The Fed sees the need to raise rates more than the market has priced in
Wall Street stocks advanced on Wednesday after the minutes from the Fed’s May meeting showed officials saw the need to raise rates more than the market has priced in. Most participants said that 50 basis point increases in the target range “would likely be appropriate at the next couple of meetings”. The S&P 500 rose 0.9%, the Dow Jones Industrial Average gained 0.6%, and the Nasdaq rose 1.5%.
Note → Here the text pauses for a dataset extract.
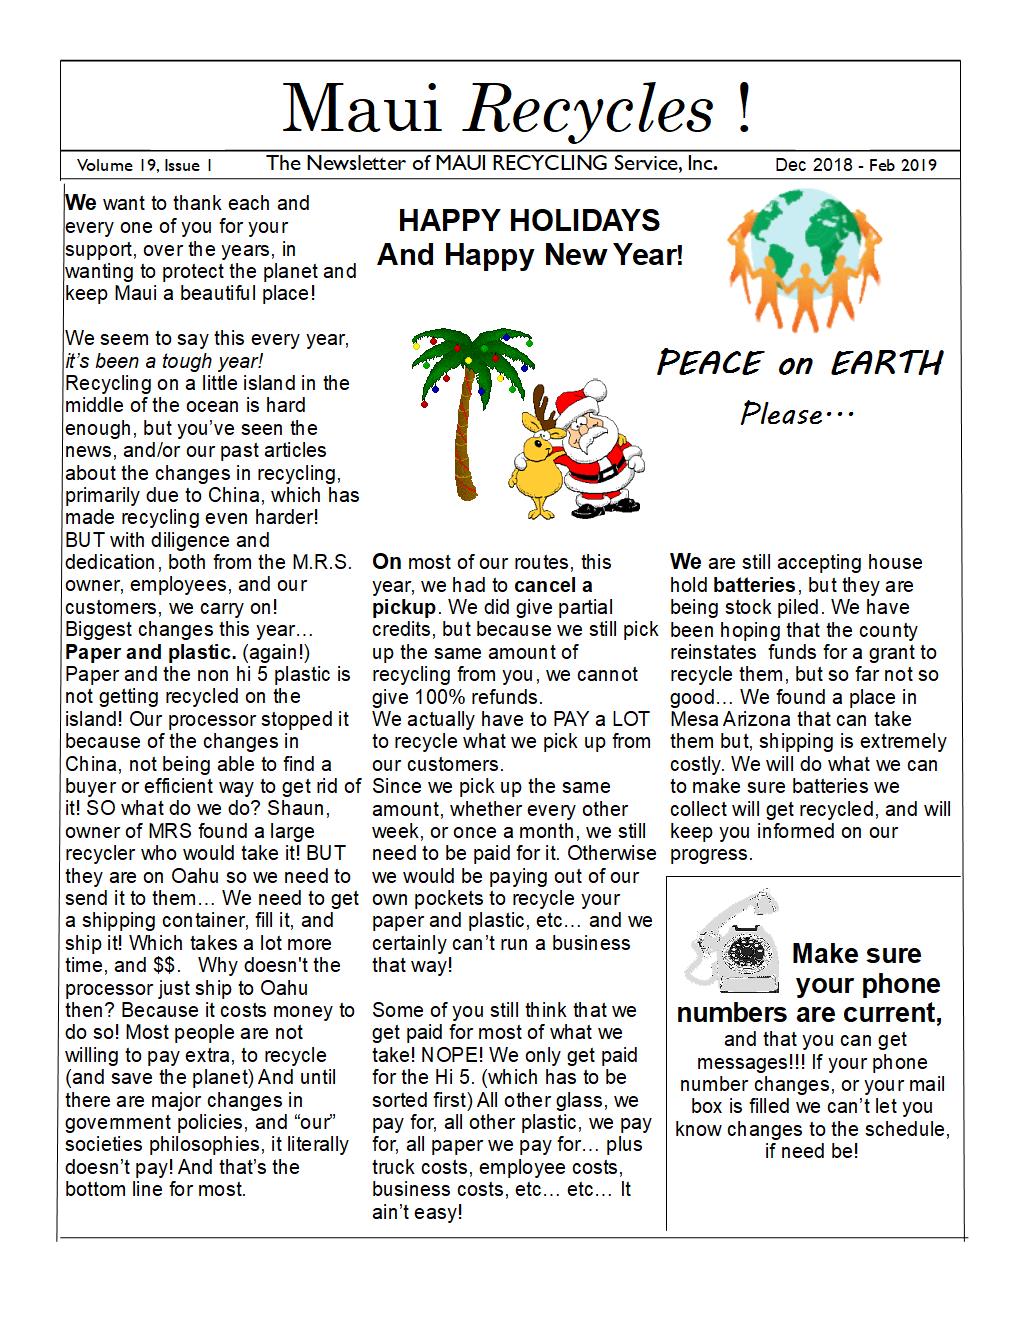 Maui Recycling Service Newsletter

Asian equity markets witnesses another mixed session on Thursday as the FOMC minutes contained no hawkish or dovish surprises to rattle investors. The Shanghai Composite Index rose 0.5% and the Nikkei 225 in Tokyo shed 0.27%. The Hang Seng in Hong Kong gave up 0.38% while Sydney’s S&P-ASX 200 sank 0.69%. Kospi finished 0.18% lower after the South Korea’s central bank hiked its base rate by 25bp, as expected.
In Europe, stocks were little changed at the open before turning positive during the session along with US stock index futures as investor sentiment picked up a little. The pan-European Stoxx 600 edged 0.2% higher in early trade, with energy stocks leading the gains. Meanwhile, banks and technology stocks fell marginally.
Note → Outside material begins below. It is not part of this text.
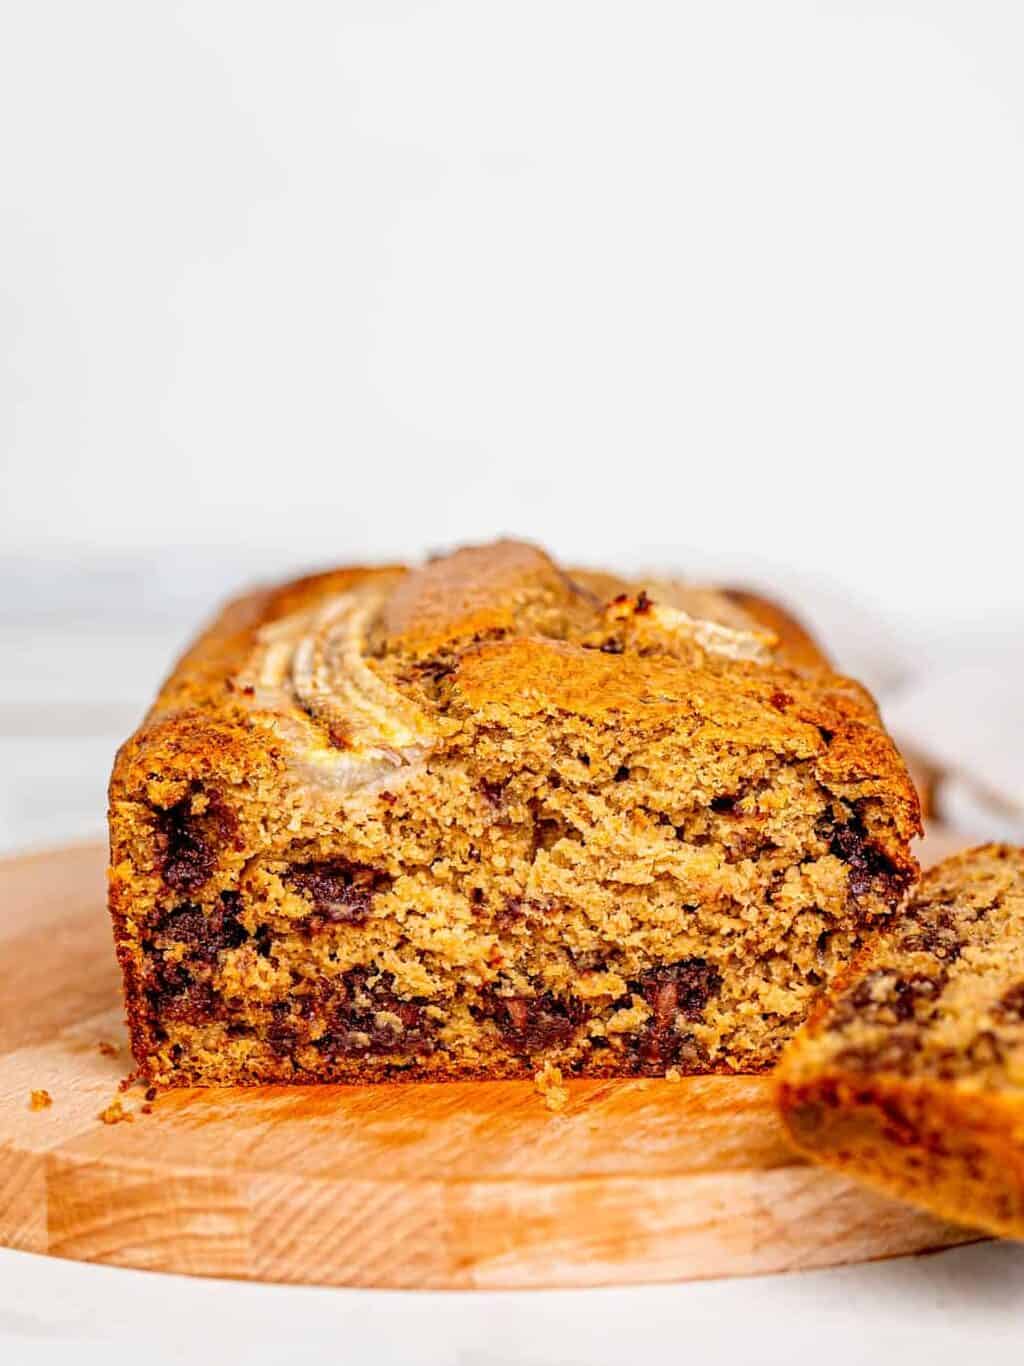 Fluffy Healthy Banana Bread with chocolate chips.

In currencies, the dollar came off intraday highs to turn slightly negative on the day as risk sentiment has improved somehow. The USD index is treading water around the 102.00 figure after yesterday’s rejection from the 102.45 zone. EURUSD is just above the flat-line, holding below the 1.0700 mark that represents the immediate target for euro bulls at this stage.
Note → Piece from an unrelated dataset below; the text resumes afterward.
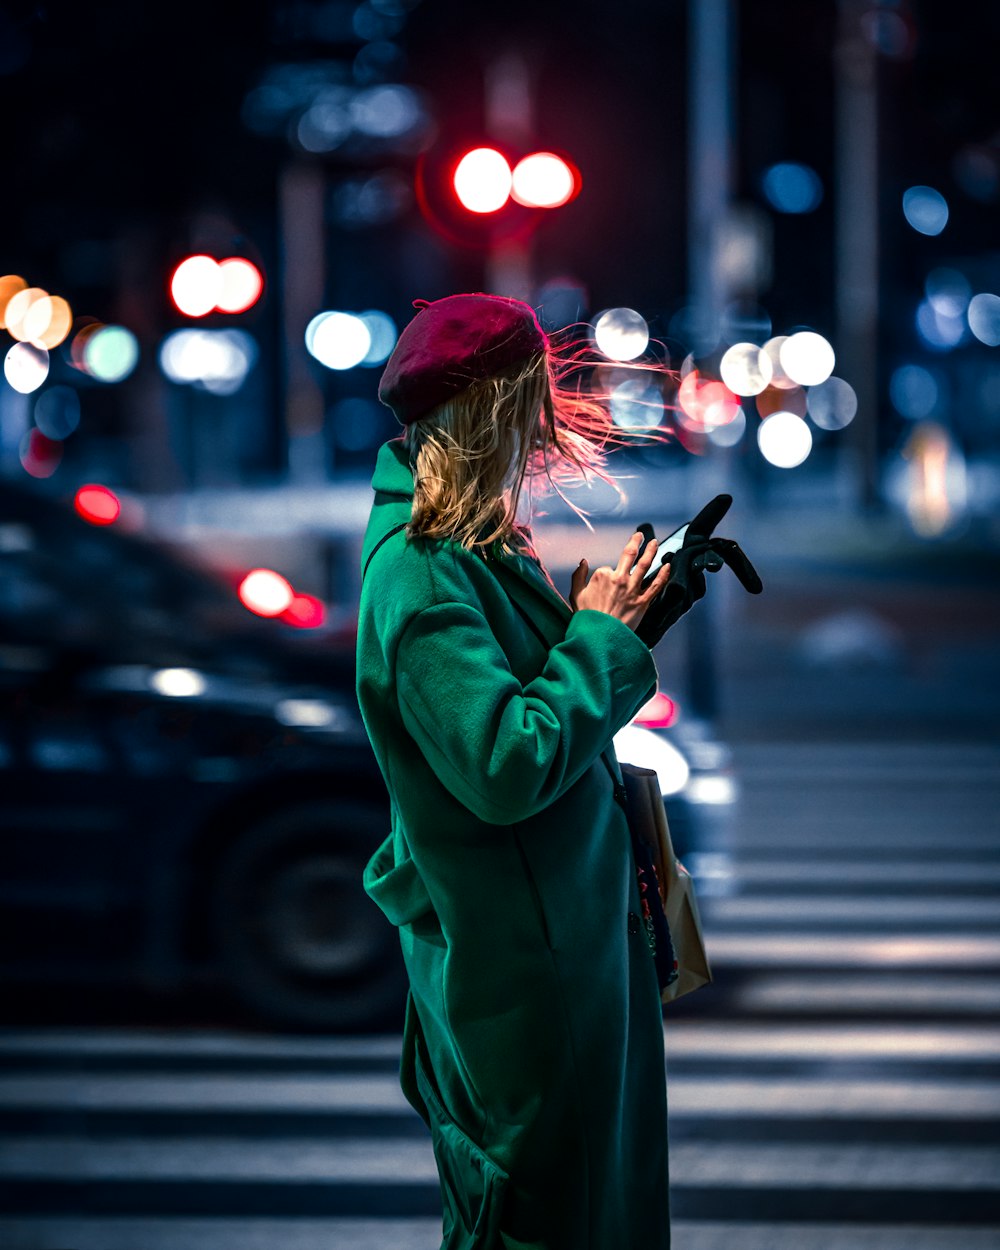 a woman in a green coat is using her cell phone

Elsewhere, gold prices retain a bearish bias since yesterday after failure to overcome the $1,870 resistance zone. The precious metal keep threatening the 200-DMA while also flirting with the 20-DMA at the moment, struggling for direction in early European trading hours. Should the bullion fail to hold above the 200-SMA, the selling pressure may intensify in the near term.